You don't have journaling-SSDs? but the cache from areca-sas-controller?

An perftest with 4MB-blocks is useless if you look for trouble with small files... use 4k and a longer test-time (60sec) and only one thread. This is much more, what your client is doing.

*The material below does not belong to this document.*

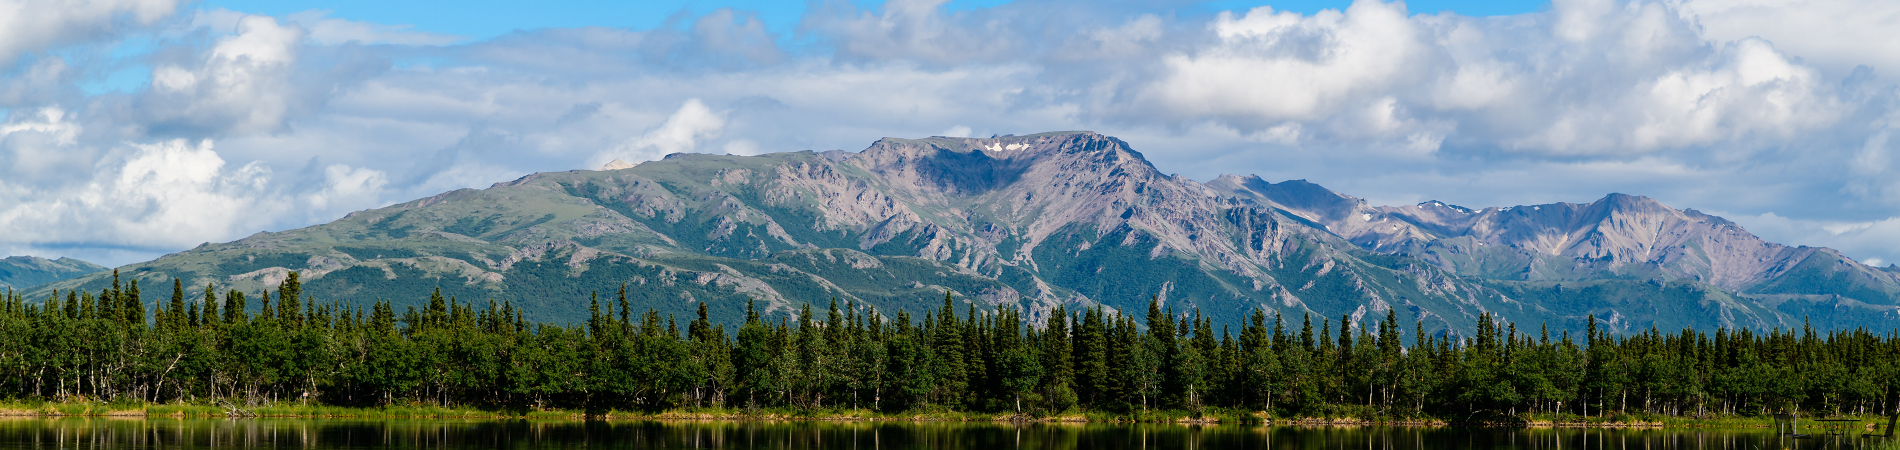 Image for Alaska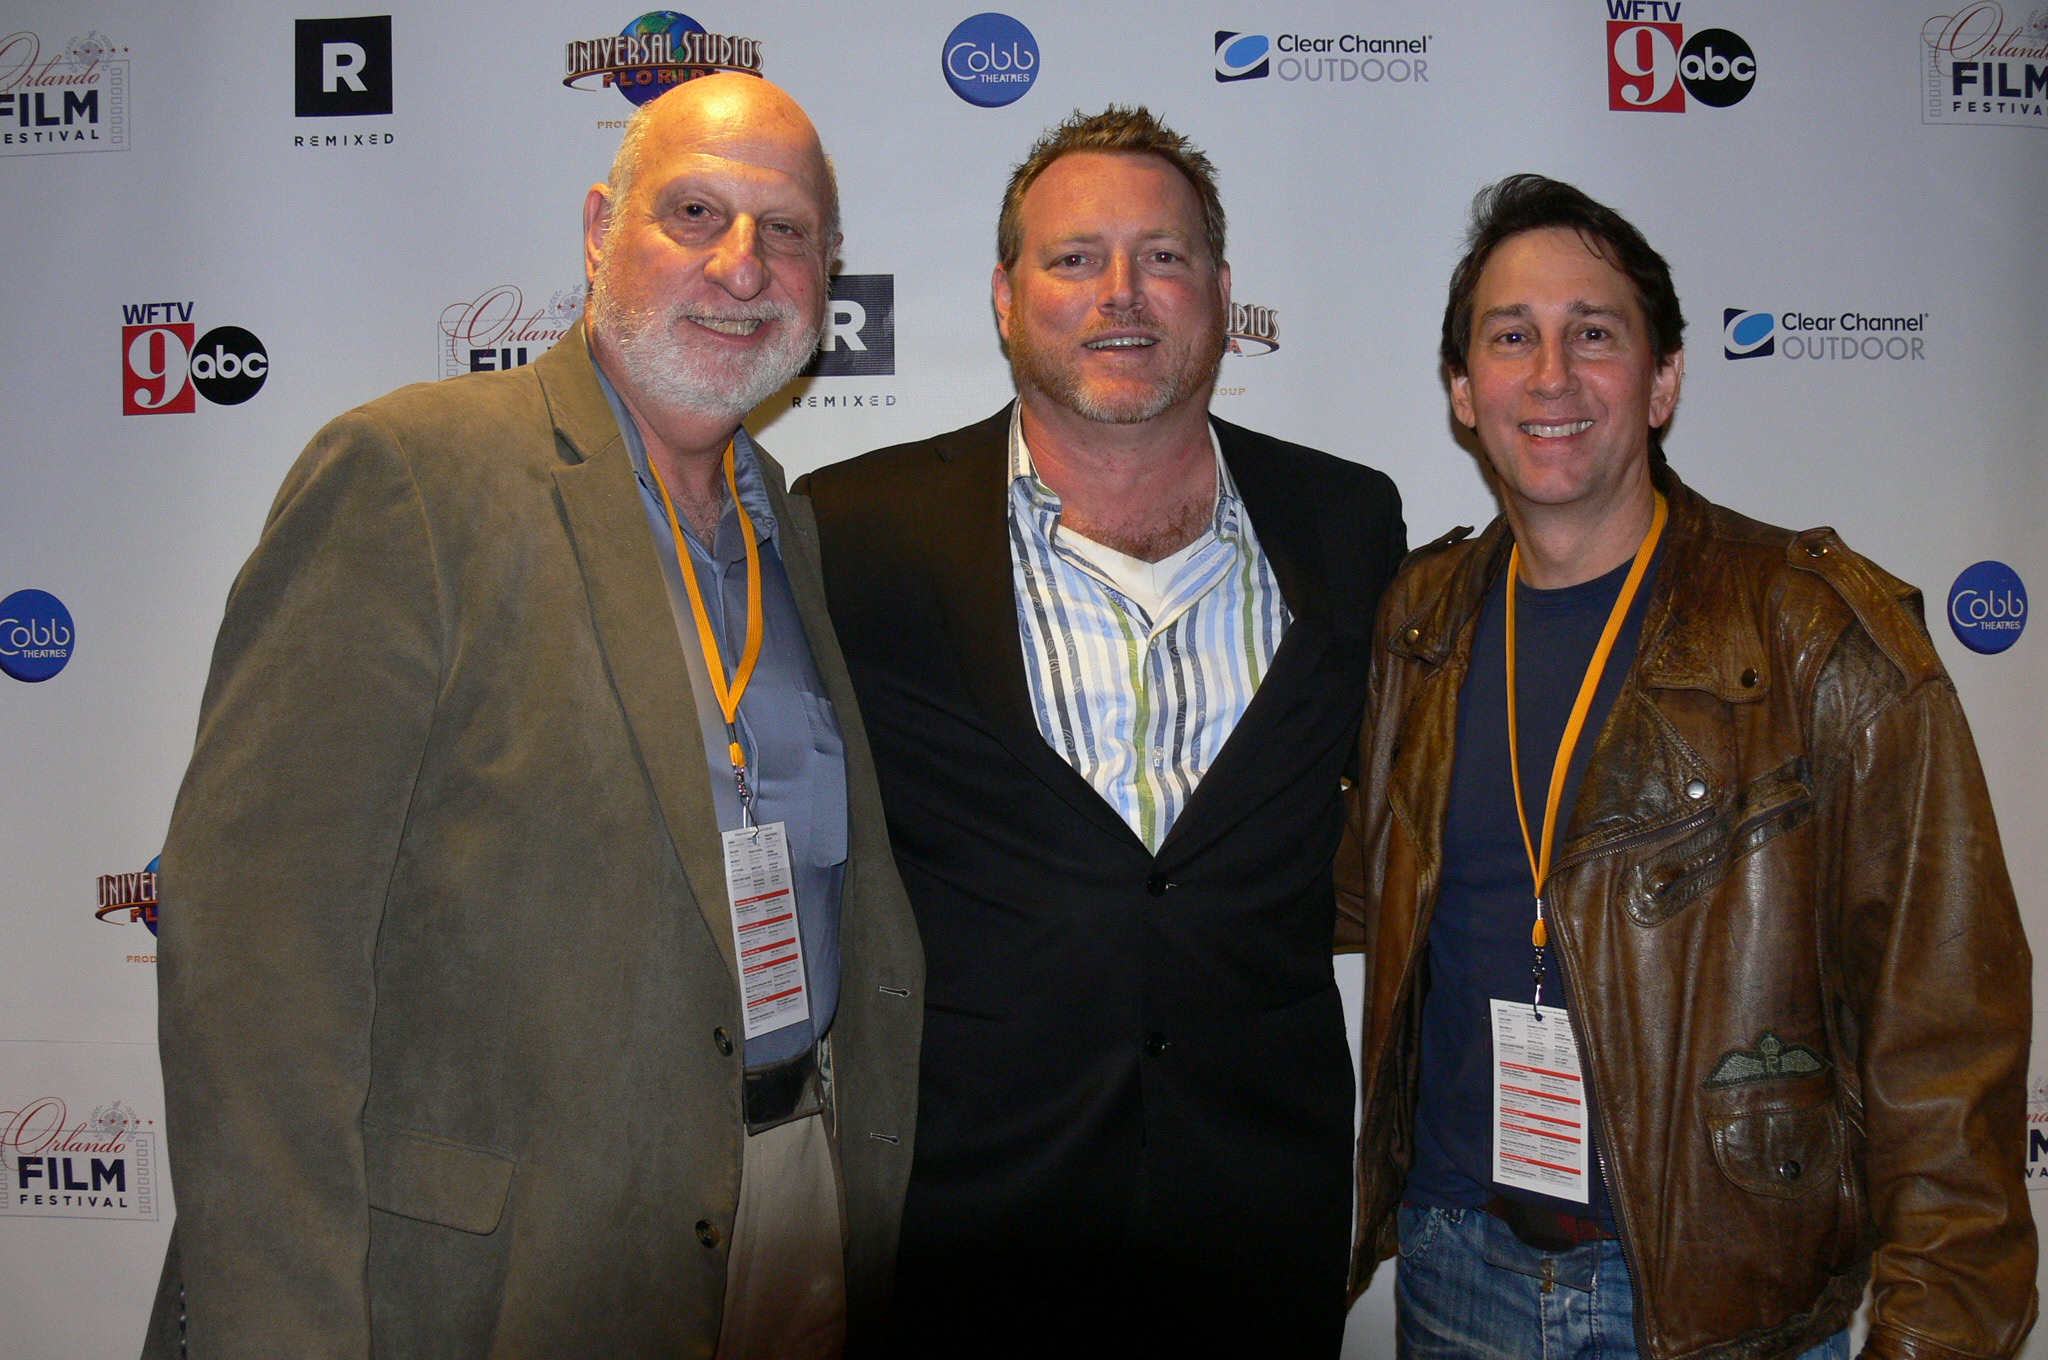 Les Goldman, Dan Springen, Robert Mann at the 2013 Orlando Film Festival.

Virtio? driver, or scsi with virtio-scsi?

Udo
 
Hi Udo,
yes, the controllers are configured for ceph without any RAID functionallity. The cache is available for the attached drives. I hat contact with Areca support in advance. Each drive has NVC Quick Cache and 256MB cache too.
I use virtio. For one test I switched to virtio-scsi but saw no improvement so turned back.
It is hard to believe that this cluster which is most of the time nearly idle can be stopped with a copy job of 500GB. Even a 10 year old notebook with 5400rpm spinner will push the data with over 10mb/sec.

Remember: only operations within the big drive is the problem. Same operations on smaller disks are okay.
 
For one server I have created a new drive, formatted with 64kb and copied the data back on it. I will test. First review : a homeopathic drug.
The other one occupies a lot of space on the drive, I'll need a long weekend for migrating it but want to see the behavior of the first one.
 
Formatting the drives with 64kb does not help here for getting more performance.
It is weired because in the evening I see the VMs starting their backup watching ceph status reporting 280mb/sek (read) while on workhours ceph reports ~1-10mb/sek (read) and a few kb to write but getting stucked while copying 500MB. Even a rebuild of the PGs can speed up to 500mb/sek.
The car has the horsepower but can not get it on the road.

Perhaps it is time to create a new and pure SSD pool and moving the busy drives of the VMs to this. Which brands and models are recommended? I have an eye on 20x Micron 5100 max 960GB.